L’accès à la formation continue sera crucial pour accompagner les travailleurs dans la transformation numérique de l’industrie : d’abord pour acquérir une culture numérique, ensuite pour évoluer en même temps que les technologies.

De façon contre-intuitive, la quatrième révolution industrielle permet de remettre l’humain au centre de l’industrie, en augmentant la responsabilisation, l’organisation participative et la collaboration, en encourageant la créativité et l’autonomie, et en stimulant les compétences sociales. La recherche de la qualité de vie au travail sera également au centre des préoccupations.

Les machines peuvent faire, et même mieux, la plupart des tâches répétitives, qu’elles soient intellectuelles ou manuelles. En revanche seul l’humain peut réfléchir, penser des solutions et innover.

Les machines, d’une entreprise à l’autre, peuvent toutes faire les mêmes tâches. Ce seront donc les femmes et les hommes qui y travaillent qui feront la différence.

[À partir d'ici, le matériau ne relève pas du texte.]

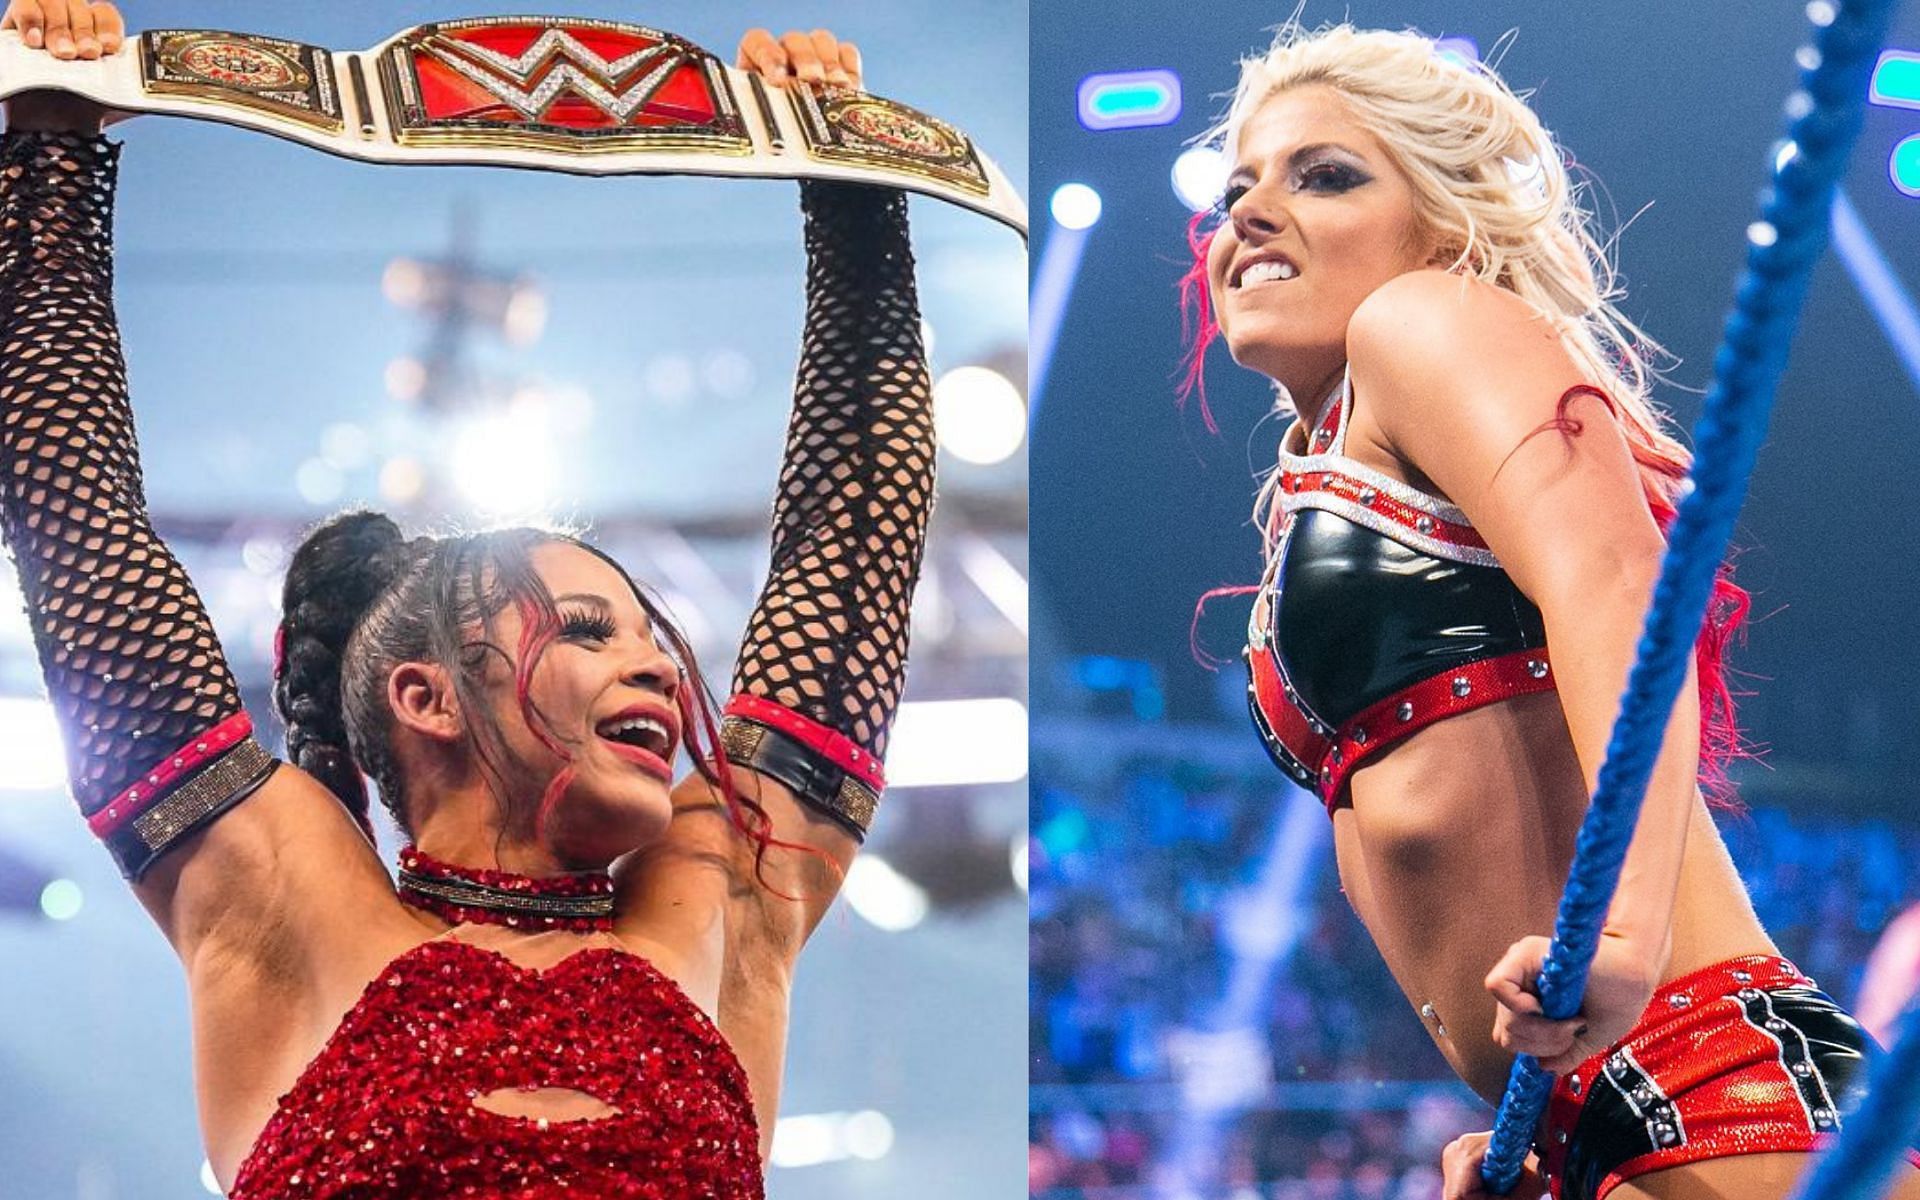 Bianca Belair has never been one-on-one with Alexa Bliss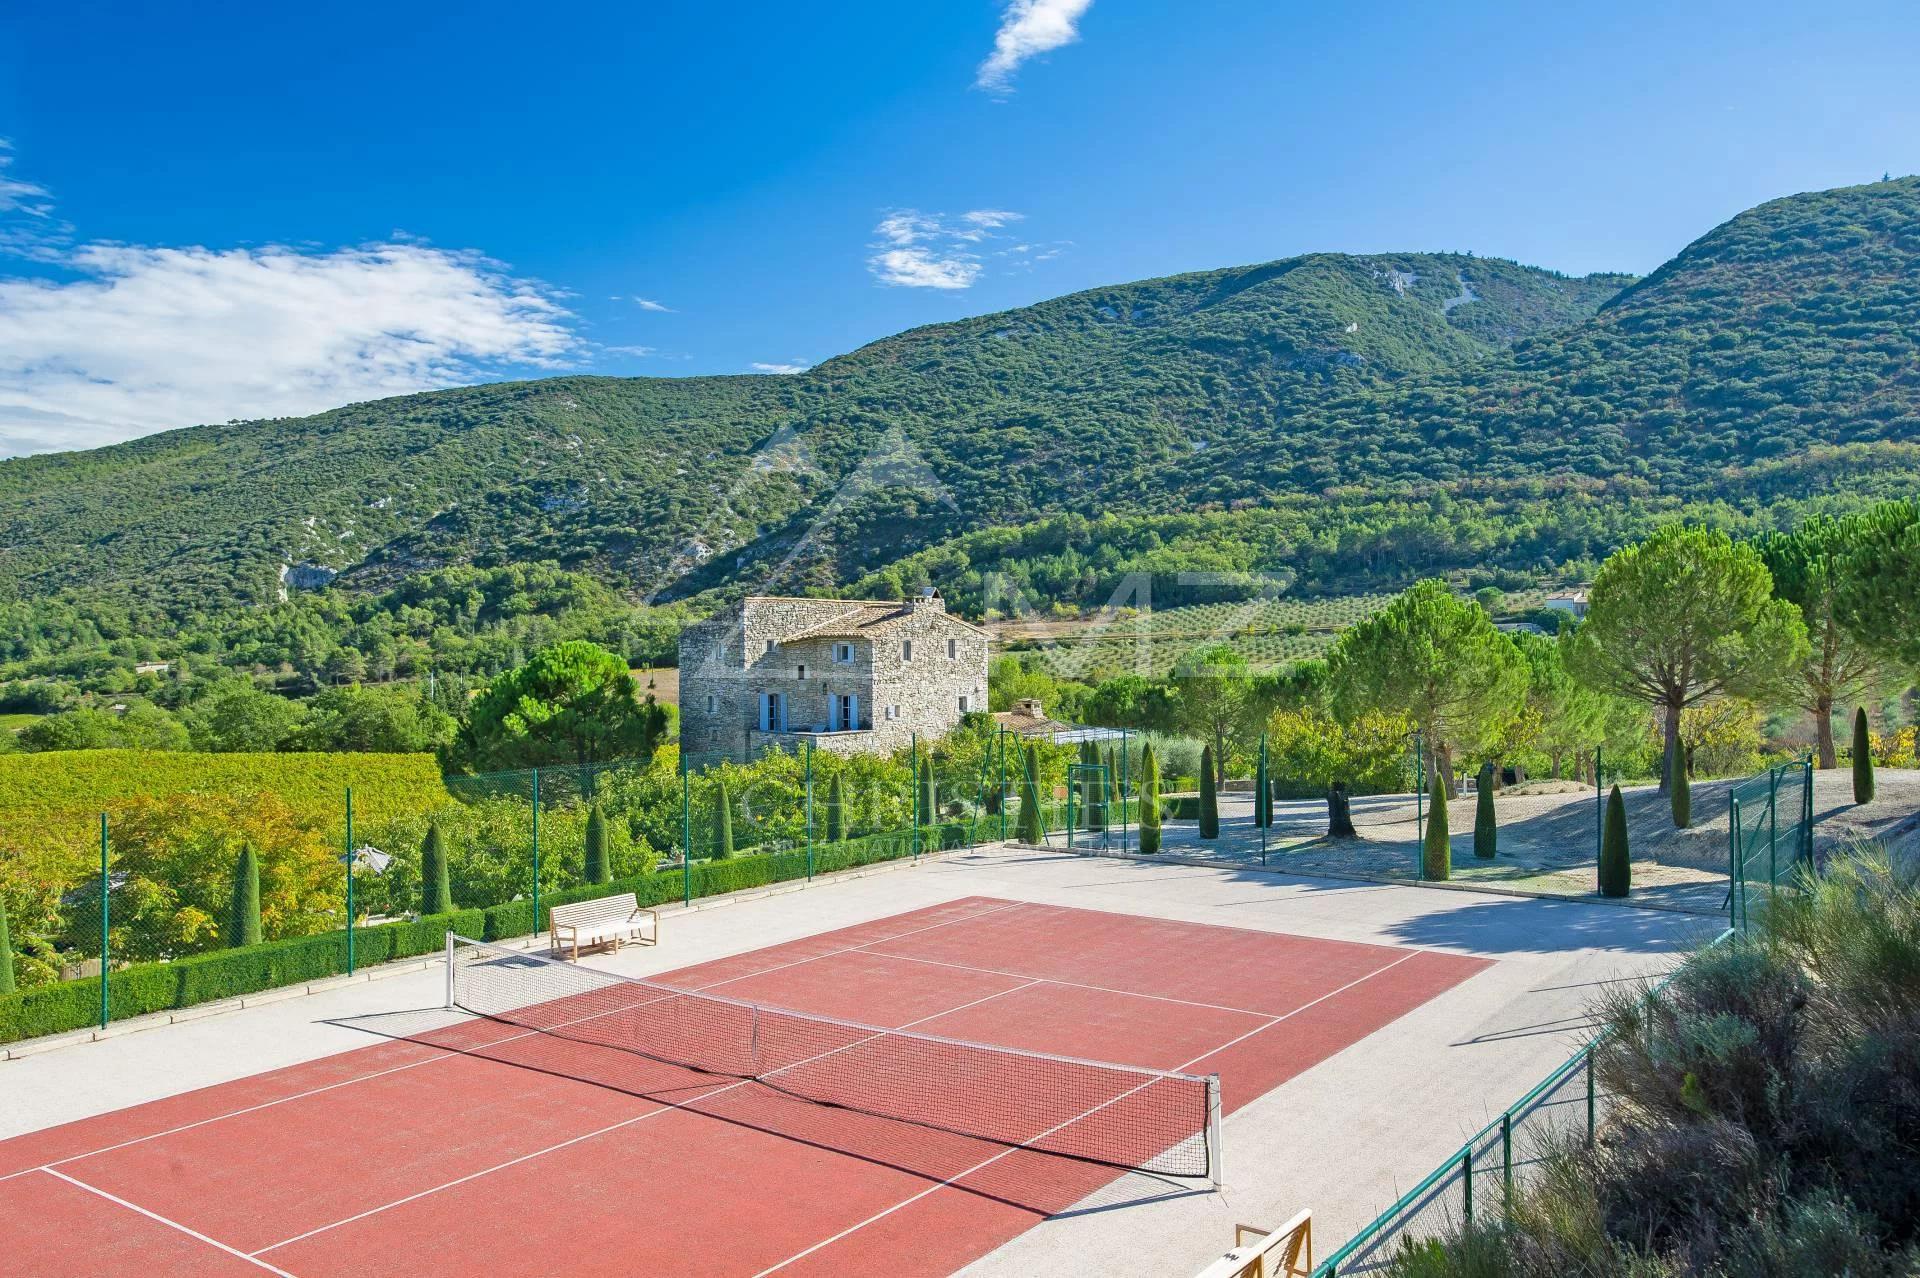 Bonnieux - Gorgeous property with tennis court and high level of amenities

Il ne s’agit pas là des seuls enjeux lié à l’industrie 4.0. Les enjeux économiques, politiques et géopolitiques n’en sont pas moins importants et méritent autant d’attention. Les révolutions industrielles sont des moments clés de notre histoire car elles transforment sur le long-terme. Il est clair aujourd’hui que nous ne pouvons pas encore qualifier ou quantifier de façon certaine les impacts qu’aura la quatrième révolution industrielle, mais il ne fait aucun doute qu’ils seront nombreux.